Single by Joe Tex

from the album I Gotcha
- A-side: "A Mother's Prayer"
- Released: December 1971
- Recorded: 1971
- Studio: American (Memphis, Tennessee)
- Genre: Soul; funk;
- Length: 2:18
- Label: Dial Records
- Songwriter: Joe Tex
- Producer: Buddy Killen

Joe Tex singles chronology
| "Give the Baby Anything the Baby Wants" (1971) | "I Gotcha" (1971) | "A Mother's Prayer" (1972) |

= I Gotcha (Joe Tex song) =

Single by Joe Tex

"I Gotcha" is a song by Joe Tex. Originally intended for King Floyd, instead Tex recorded it himself in the late 1960s, but did not release it at that time. He decided to re-record it in late 1971 and released it as the B-side of "A Mother's Prayer", the first single from his 1972 album I Gotcha. Mostly spoken in the form of an early rap song, with few singing passages, "I Gotcha" has the singer chastising a woman for playing with his affections: "You never shouldn't have promised if you weren't gonna do it".

Radio DJs ended up playing this B-side song more than the A-side. This would result in Tex having his first major hit in five years as "I Gotcha" eventually peaked at number one in the US, on the R&B chart and number two on the Pop chart for two weeks, behind "The First Time Ever I Saw Your Face" by Roberta Flack and would sell around three million copies. Billboard ranked it as the No. 6 song of 1972. In Canada, the song reached number 22. Tex would later re-record "I Gotcha" in a ballad-style for his 1978 album Rub Down.

==Later uses==
"I Gotcha" was sampled in the 1973 break-in record, "Super Fly Meets Shaft" (US #31).

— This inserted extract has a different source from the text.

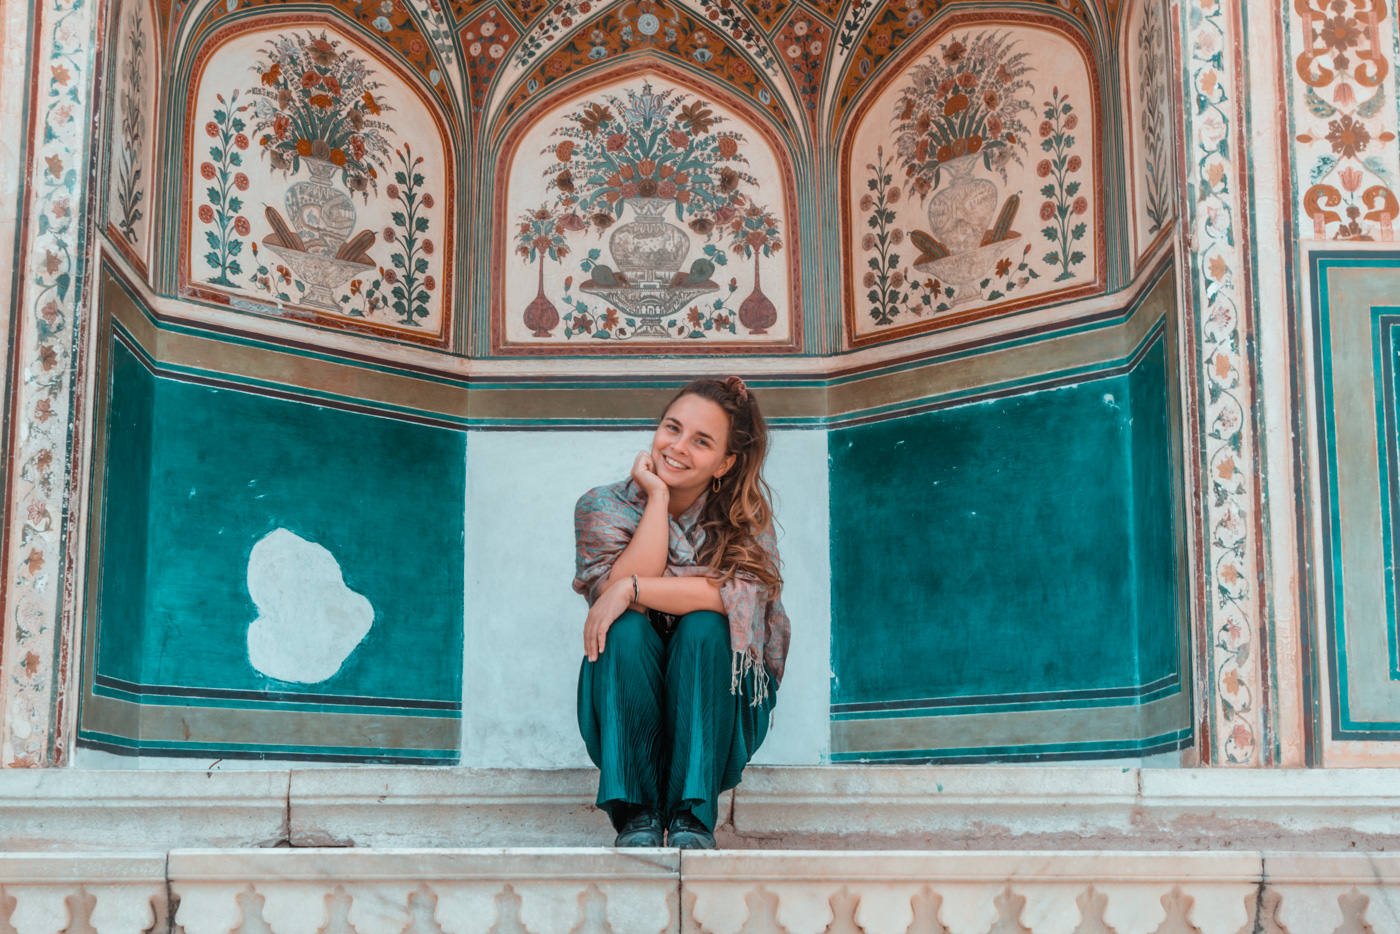 Julia vor Wandmalereien im Amber Palace in Jaipur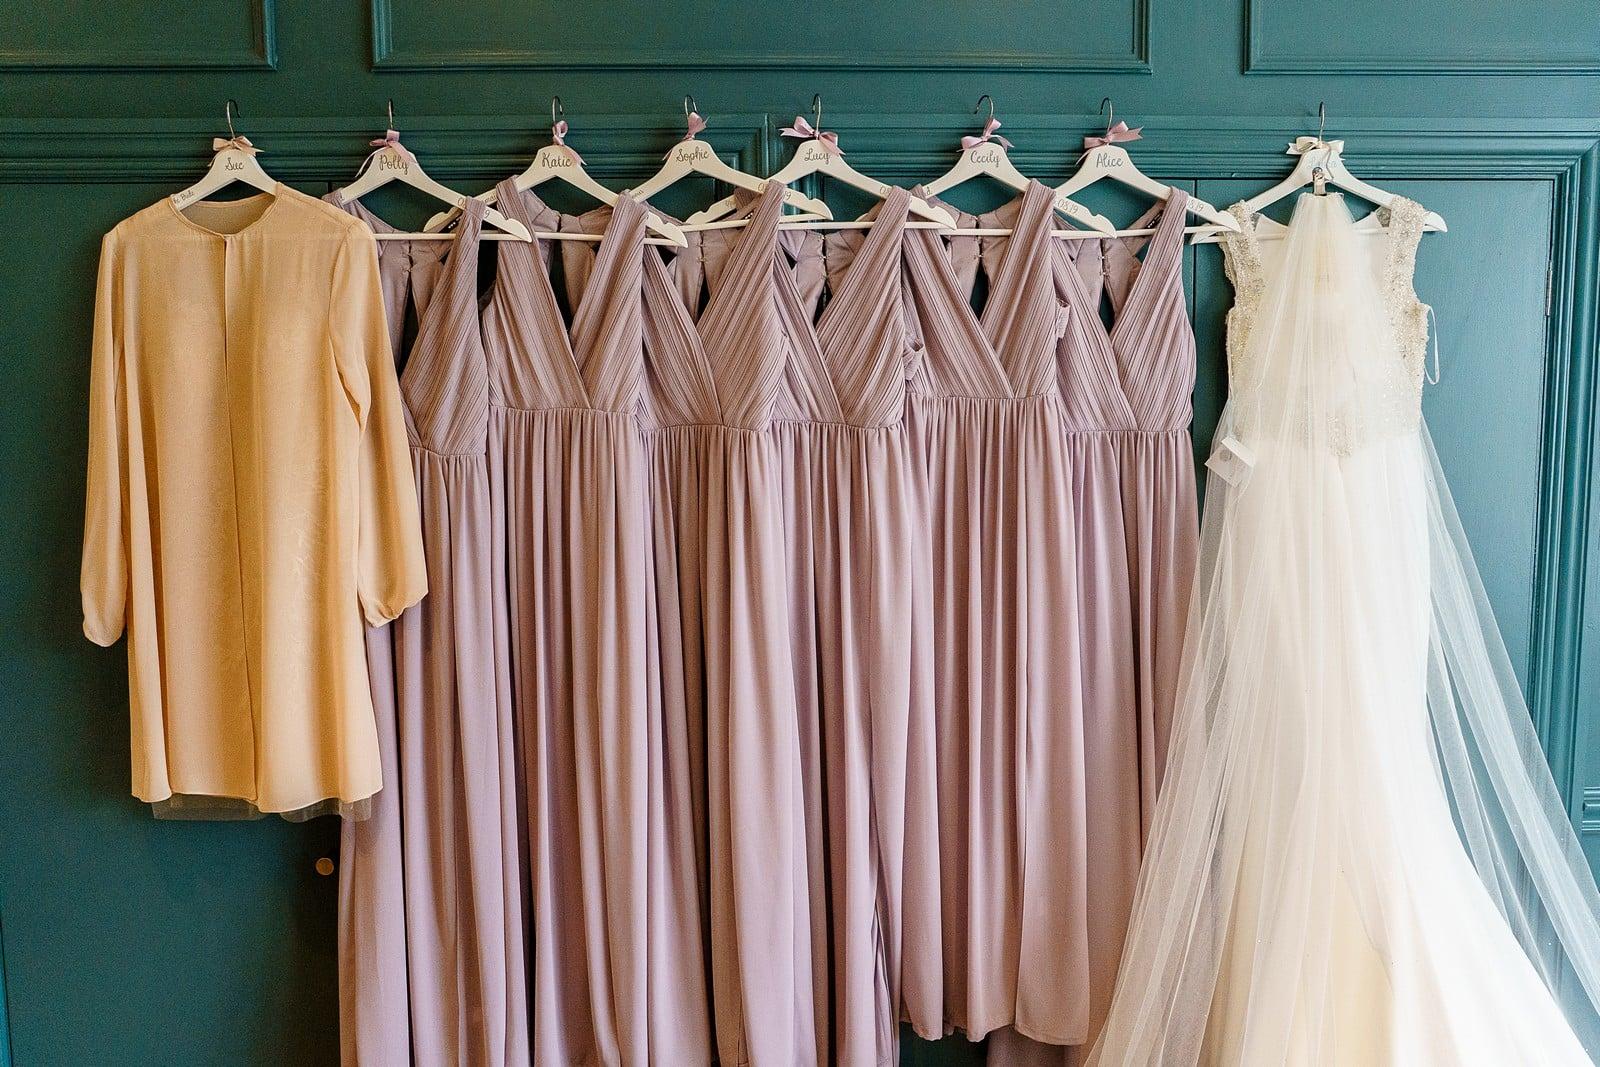 Bridemaids dress's at the greenbank hotel

Like other Tex songs, "I Gotcha" has been sampled in various hip hop and R&B songs over the years, including Salt-n-Pepa's "I Gotcha" from their "A Salt With a Deadly Pepa" album. Liza Minnelli performed the number for her 1972 television concert Liza with a Z. It is also featured on the soundtrack to the 1992 Quentin Tarantino film Reservoir Dogs. A shorter version of the song appears in trailers for Kermit's Swamp Years.

==Jimmy Barnes version==

In 1991, Australian rock singer Jimmy Barnes recorded and released "I Gotcha" as the first single from his fifth studio album, Soul Deep. It peaked at number six in Australia and number 27 in New Zealand.

Track listing
CD single
1. "I Gotcha"
2. "I Gotcha" (Tex Mex 12" mix)

Charts

| Chart (1991) | Peak position |
|---|---|
| Australia (ARIA) | 6 |
| New Zealand (Recorded Music NZ) | 27 |

Certifications

| Region | Certification | Certified units/sales |
| Australia (ARIA) | Gold | 35,000^{^} |
^{^} Shipments figures based on certification alone.